With the pictures omitted, transcribe each line below exactly as it is.

Data records:

——————————

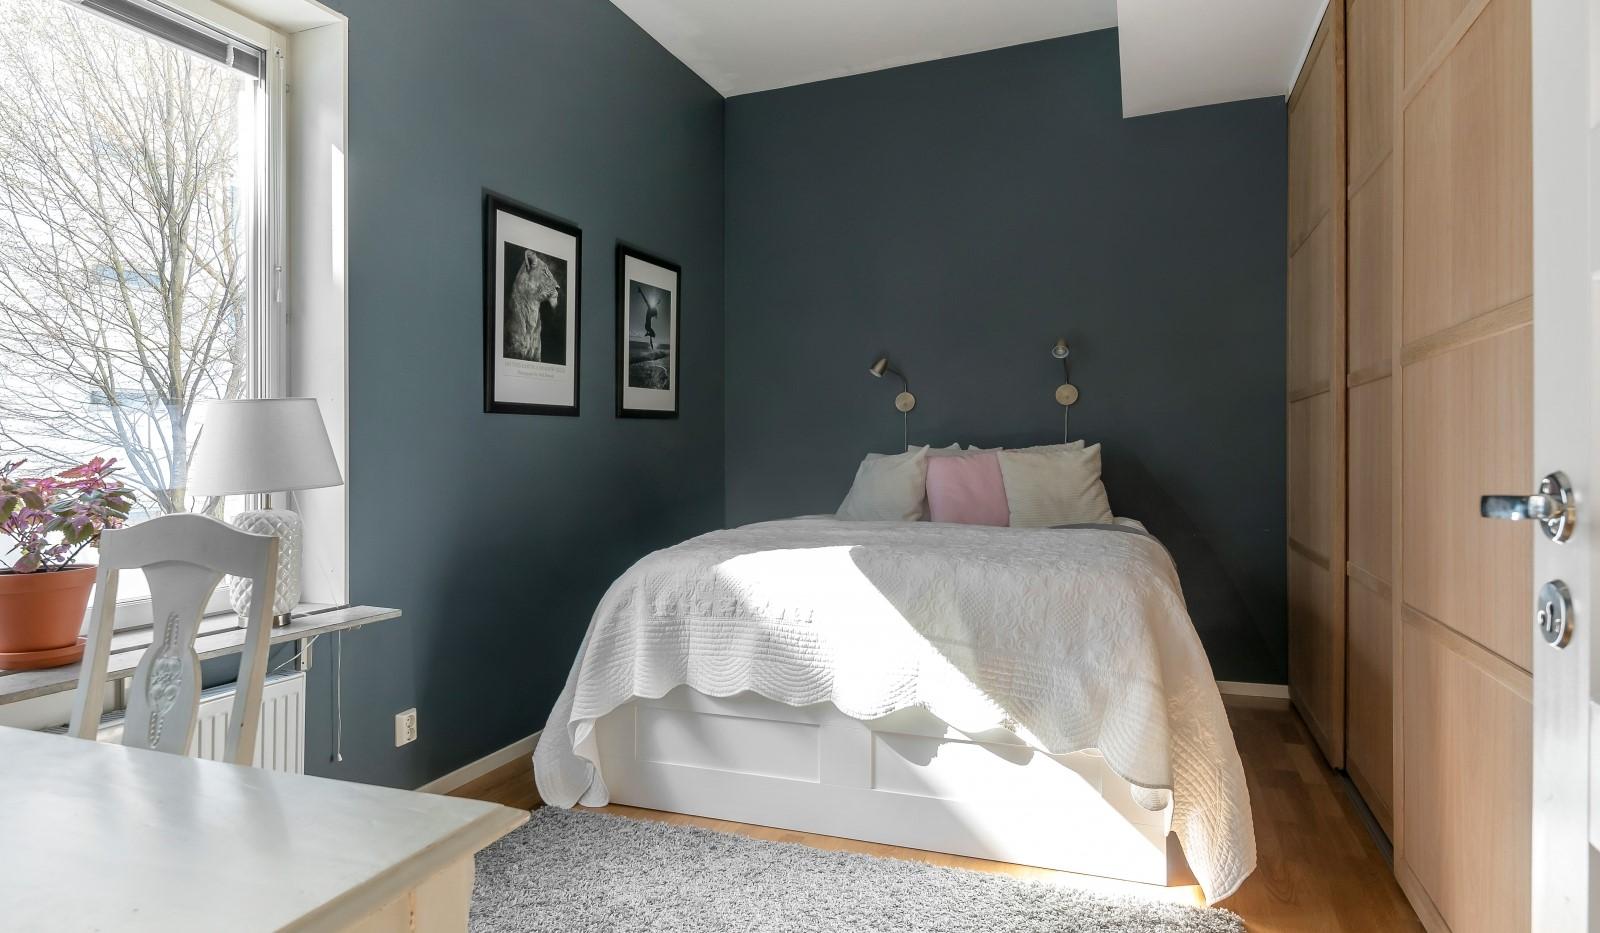 Heliosgatan 58 - Rofyllt sovrum i vacker kulör
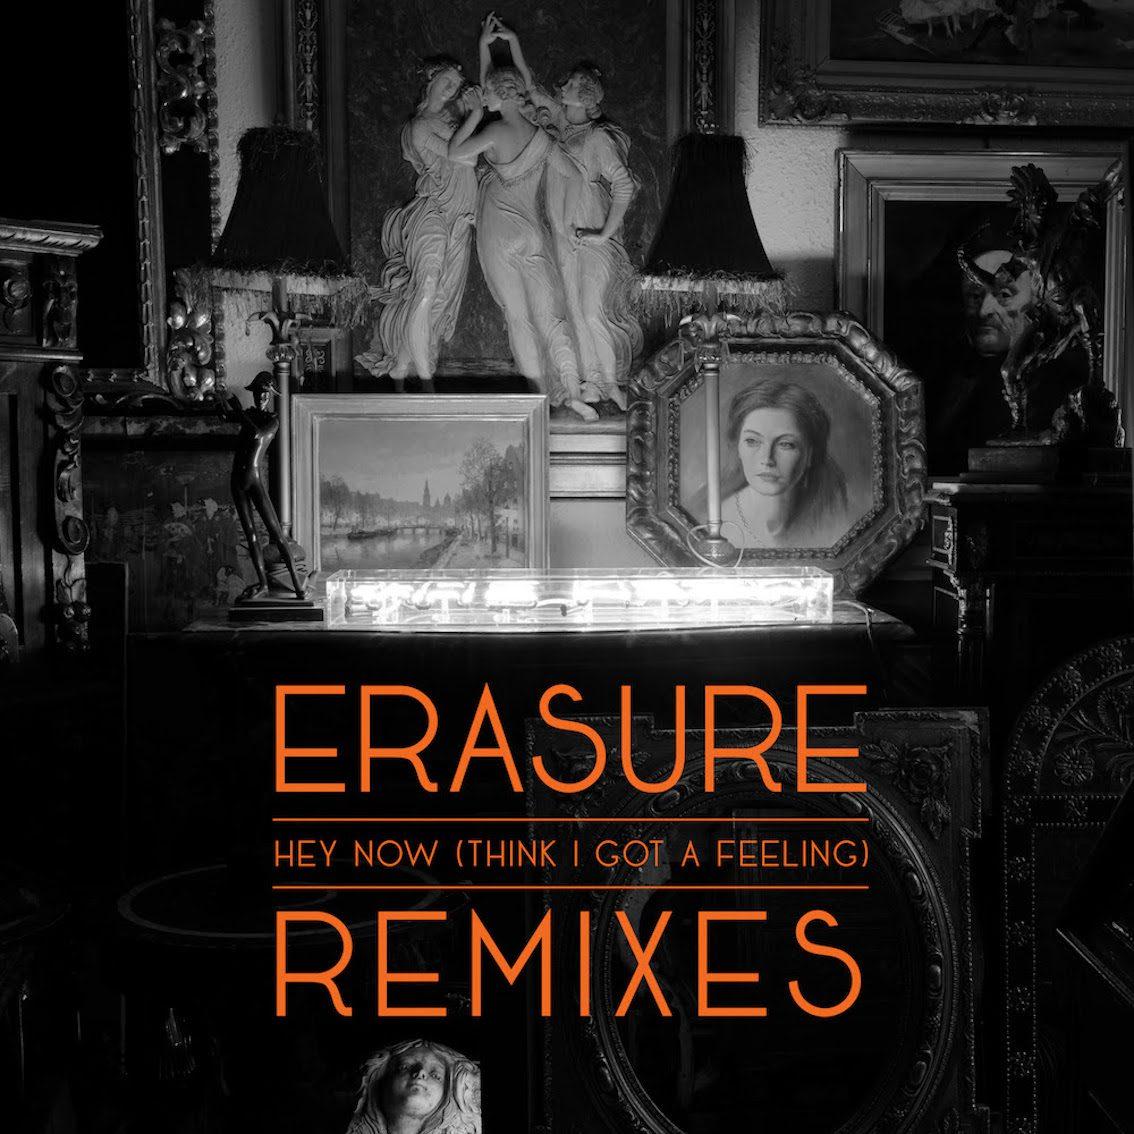 Erasure release new EP feat. remixes of album opener 'Hey Now (Think I Got a Feeling)'
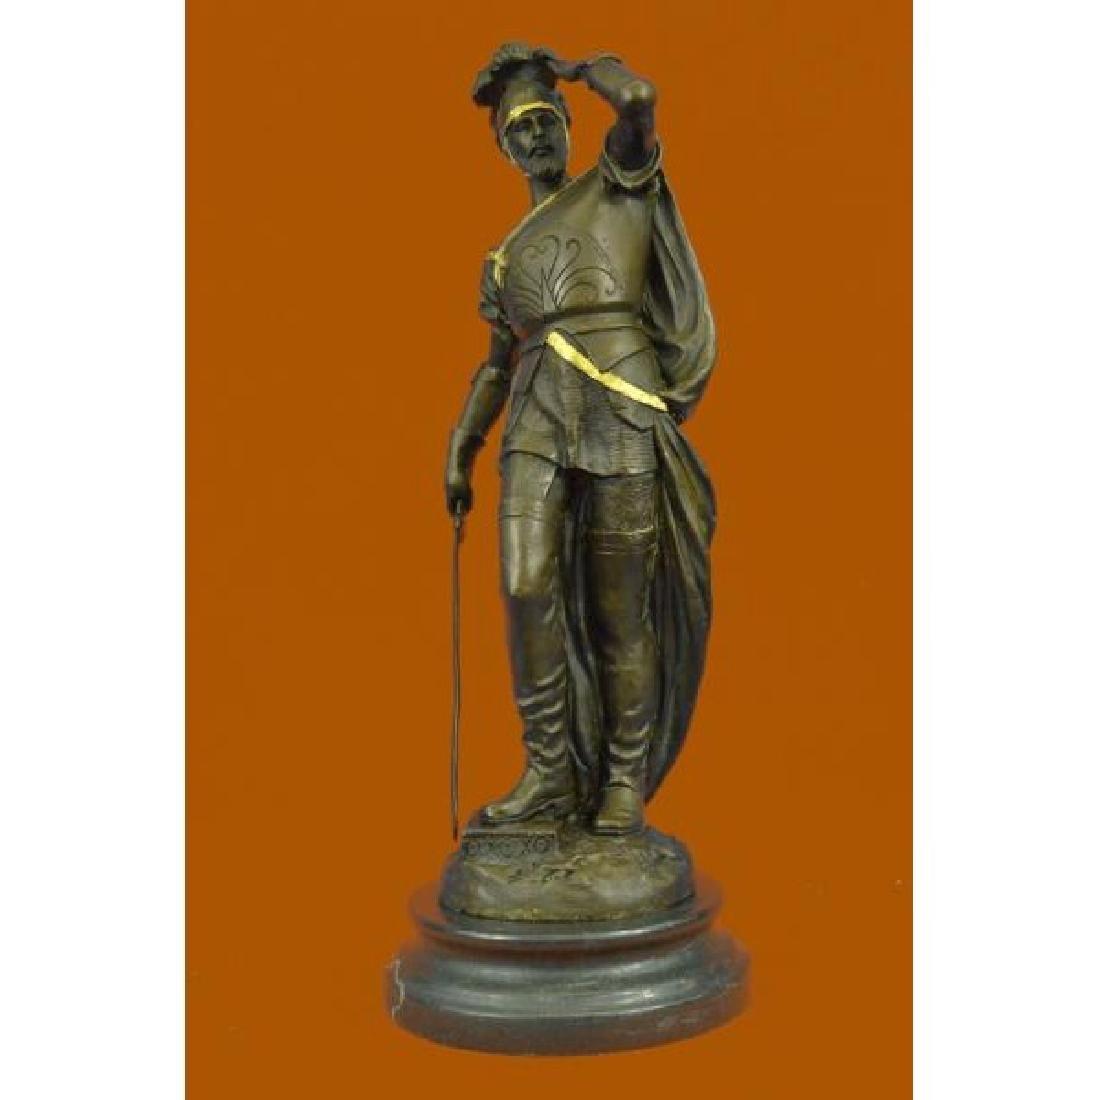 Pizarro Roman Legion Soldier Bronze Sculpture Marble
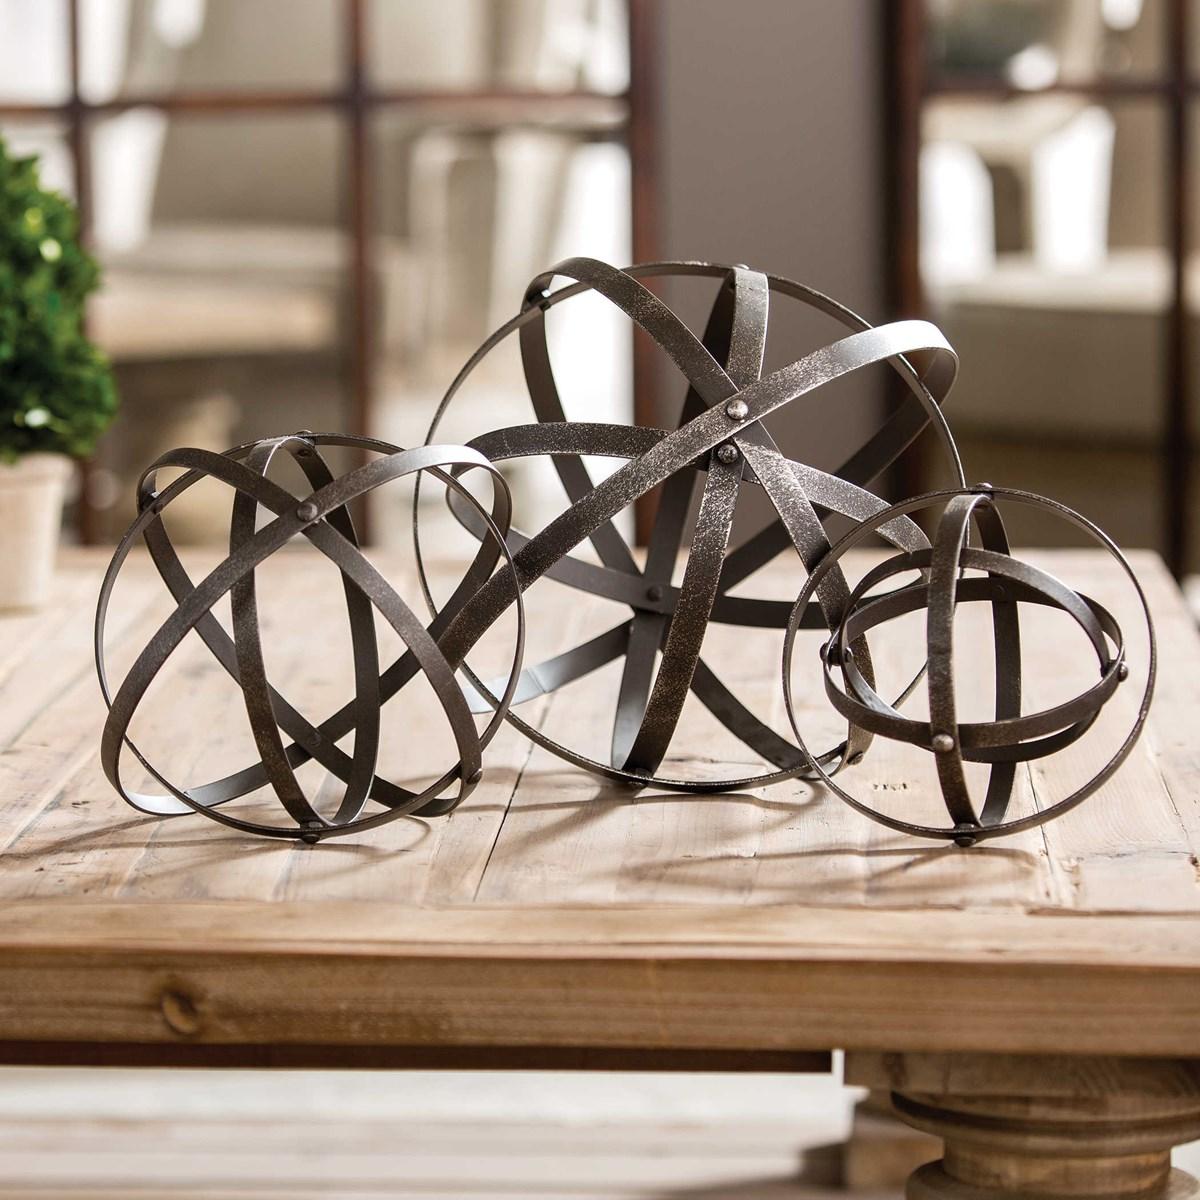 Stetson Decor Spheres, Set of 3
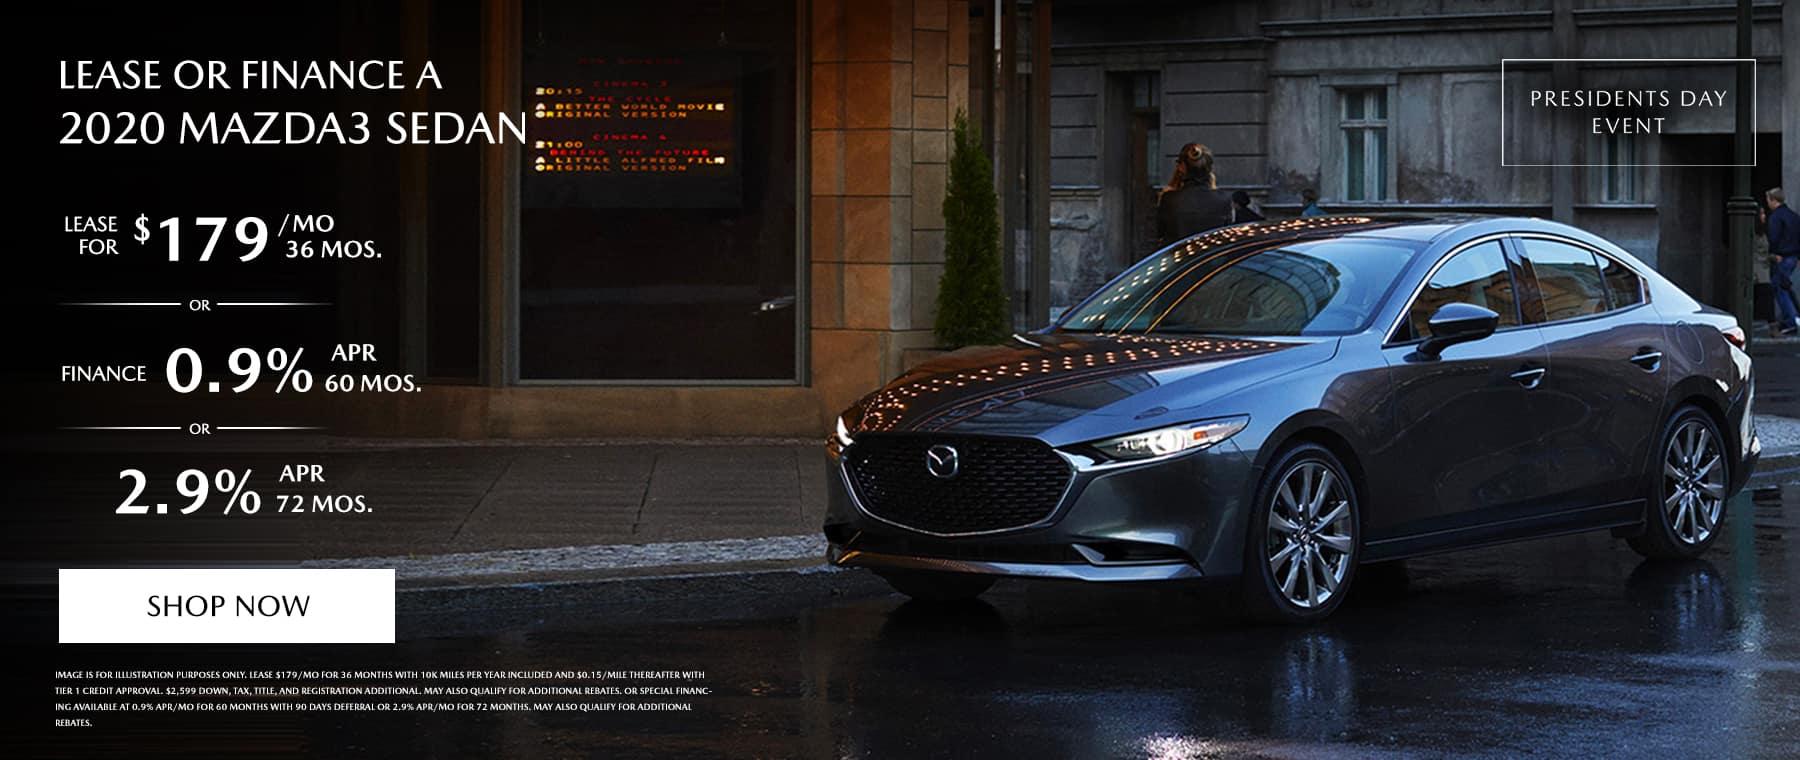 2020 Mazda3 Sedan Lease FInance
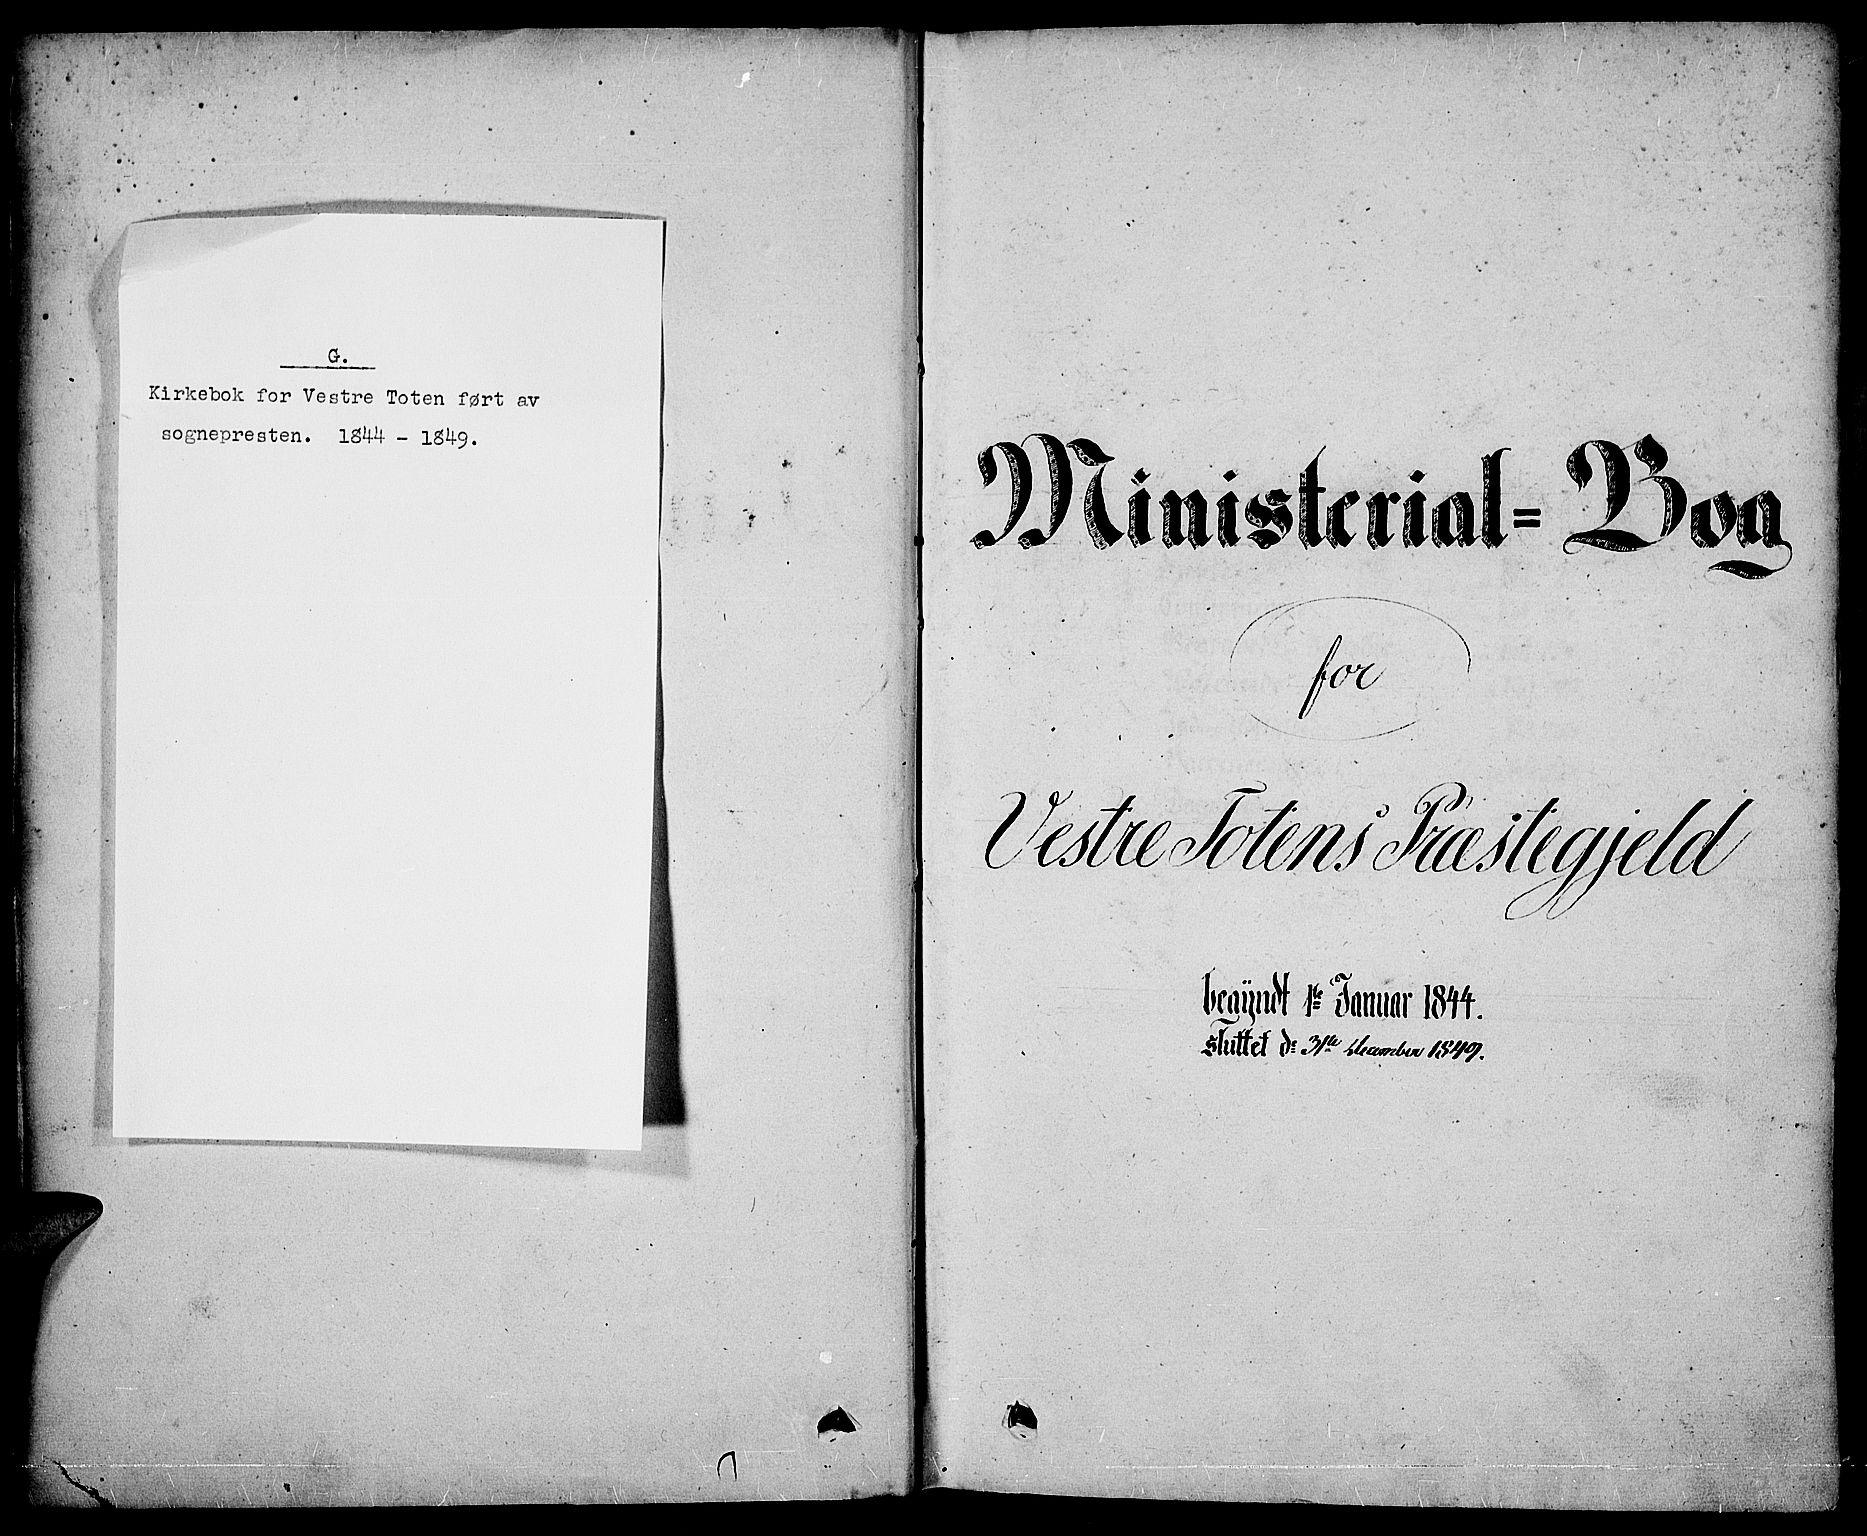 SAH, Vestre Toten prestekontor, Ministerialbok nr. 4, 1844-1849

——————————

*Solution to this task*
 Heliosgatan 58 - Rofyllt sovrum i vacker kulör
 Erasure release new EP feat. remixes of album opener 'Hey Now (Think I Got a Feeling)'
 Pizarro Roman Legion Soldier Bronze Sculpture Marble
 Stetson Decor Spheres, Set of 3
 2020 Mazda3 Sedan Lease FInance
 SAH, Vestre Toten prestekontor, Ministerialbok nr. 4, 1844-1849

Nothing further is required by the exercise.